Further, the character recognition model in the step C is a convolutional recurrent neural network based on an attention model.
Further, the convolutional recurrent neural network based on the Attention model is an Attention-CRNN neural network based on tensoflow.
Further, the training step of the convolutional recurrent neural network based on the attention model is as follows:
s101, creating a Chinese dictionary, cutting a character area image in a video image sample used in a character detection model, and generating a character image sample data set;
s102, combining sample data into a Chinese dictionary, generating tfrecrd format files required by training, and dividing the tfrecrd format files into training files and verification files, wherein the images of the training files and the verification files are different, but the stored image formats are the same as the image information formats;
s103, training the model by using a training file to generate a predetermined character recognition model, and verifying the generated character recognition model by using a verification file;
s104, if the verification accuracy is larger than or equal to a preset threshold value, or the training step number reaches a certain step number, finishing training;
and S105, if the verification accuracy is lower than the preset threshold, adding a video image sample with text content or debugging model parameters, and repeatedly executing the steps S101 to S103 until the training is finished.

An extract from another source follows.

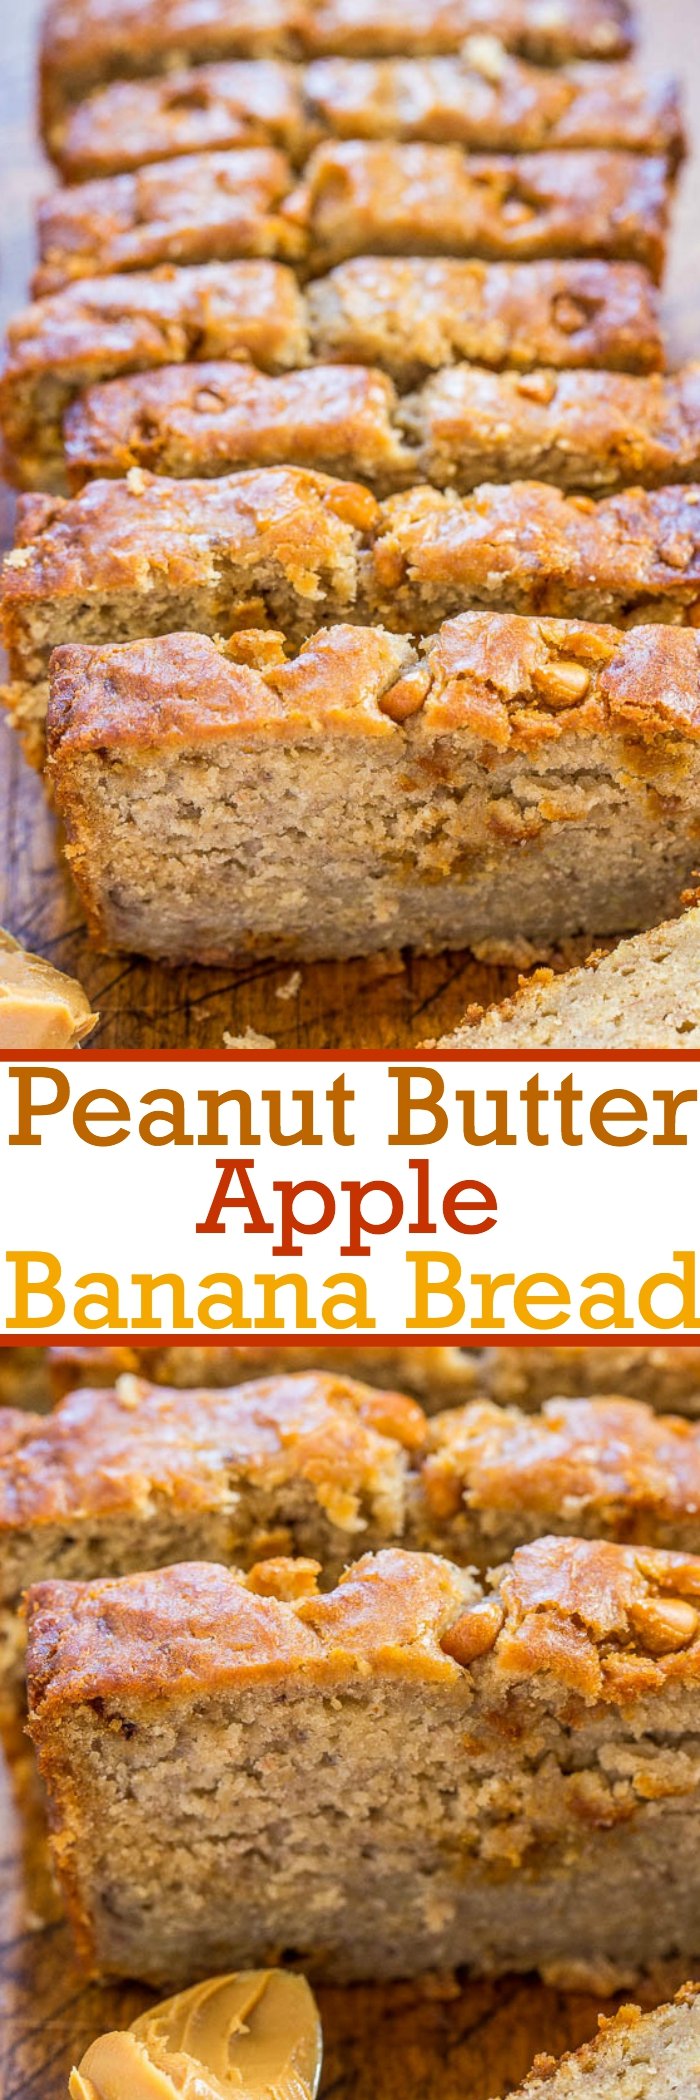 Peanut Butter Apple Banana Bread - Jazz up regular banana bread with peanut butter and apples! A perfect combo that tastes amazing together!! Fast, easy, no mixer required, and a hit with everyone!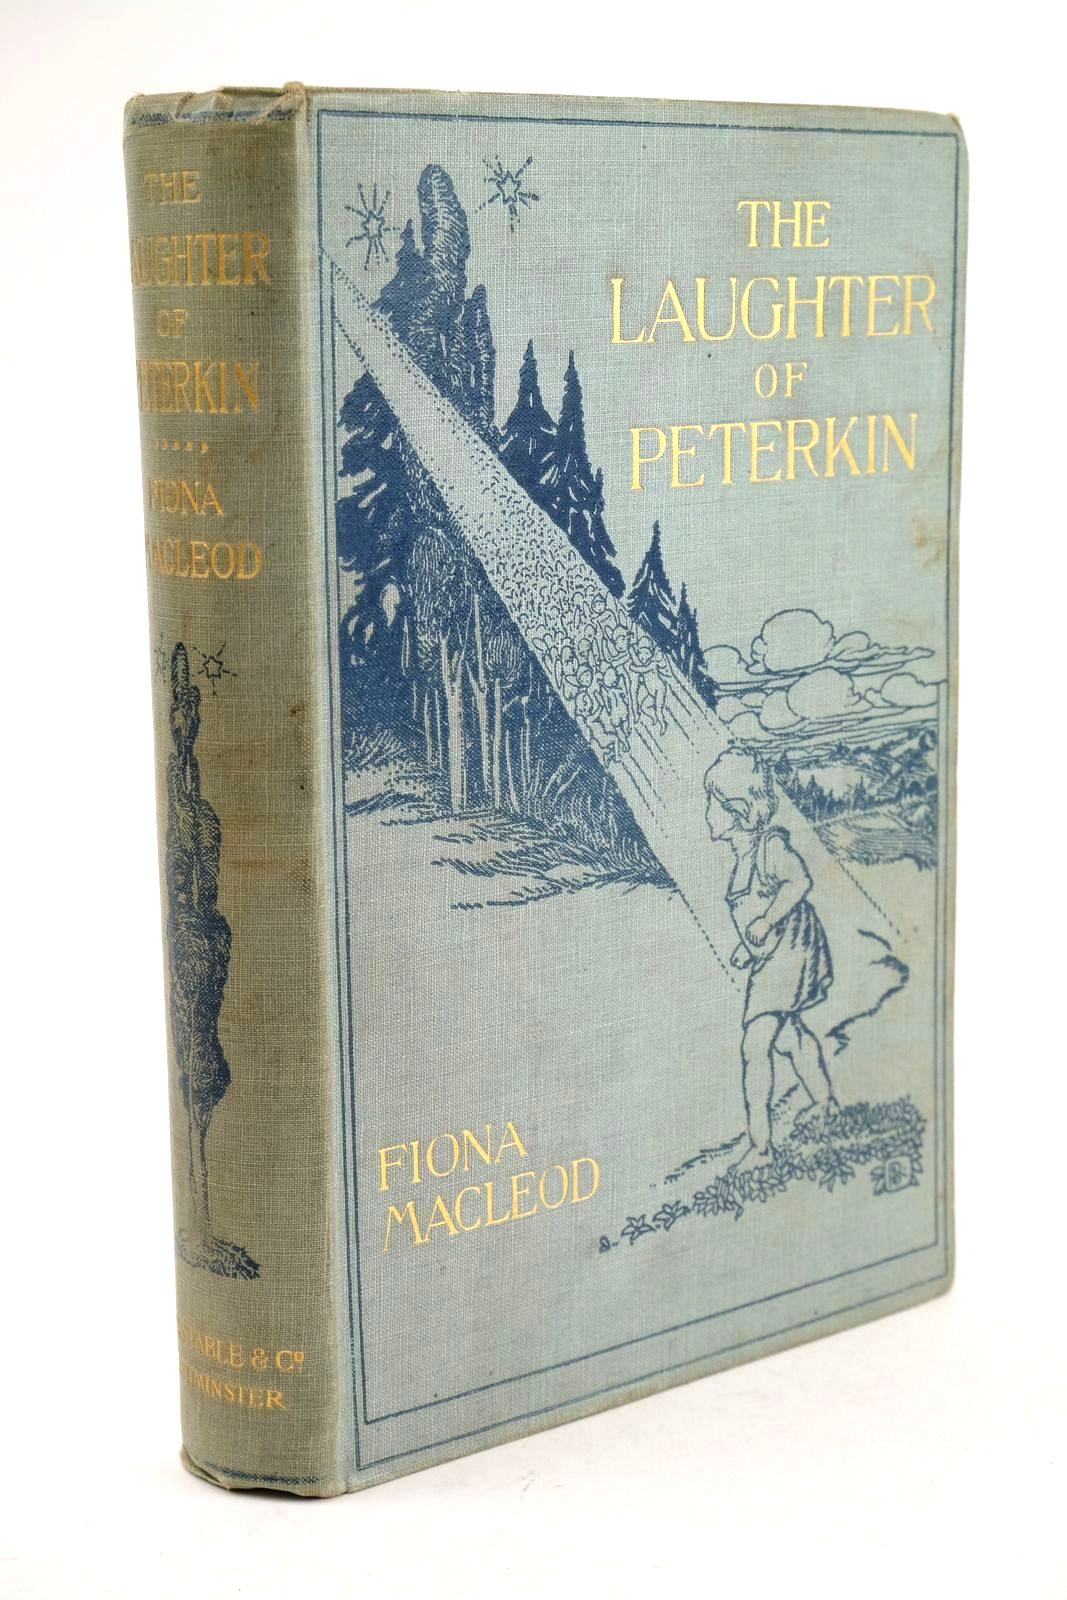 Photo of THE LAUGHTER OF PETERKIN- Stock Number: 1324238

Further, the step D specifically includes the following steps:
D1. dividing the recognized characters into words and single phrases;
D2. carrying out keyword matching on each phrase and a predetermined phrase table;
D3. if the phrase in the current image is the predetermined phrase and the continuous frames of images are all the predetermined phrase, the current image scene is judged to be the predetermined phrase scene, and corresponding scene processing is performed.
Compared with the prior art, the invention has the following beneficial effects:
according to the video content judgment method based on character recognition, the content displayed by the current video image can be judged by automatically recognizing the characters in the video image, and corresponding scene content processing is carried out.
Drawings
Fig. 1 is a flowchart illustrating a method for determining video content based on text recognition according to an embodiment of the present invention.
Detailed Description
The invention will be further elucidated and described with reference to the embodiments of the invention described hereinafter.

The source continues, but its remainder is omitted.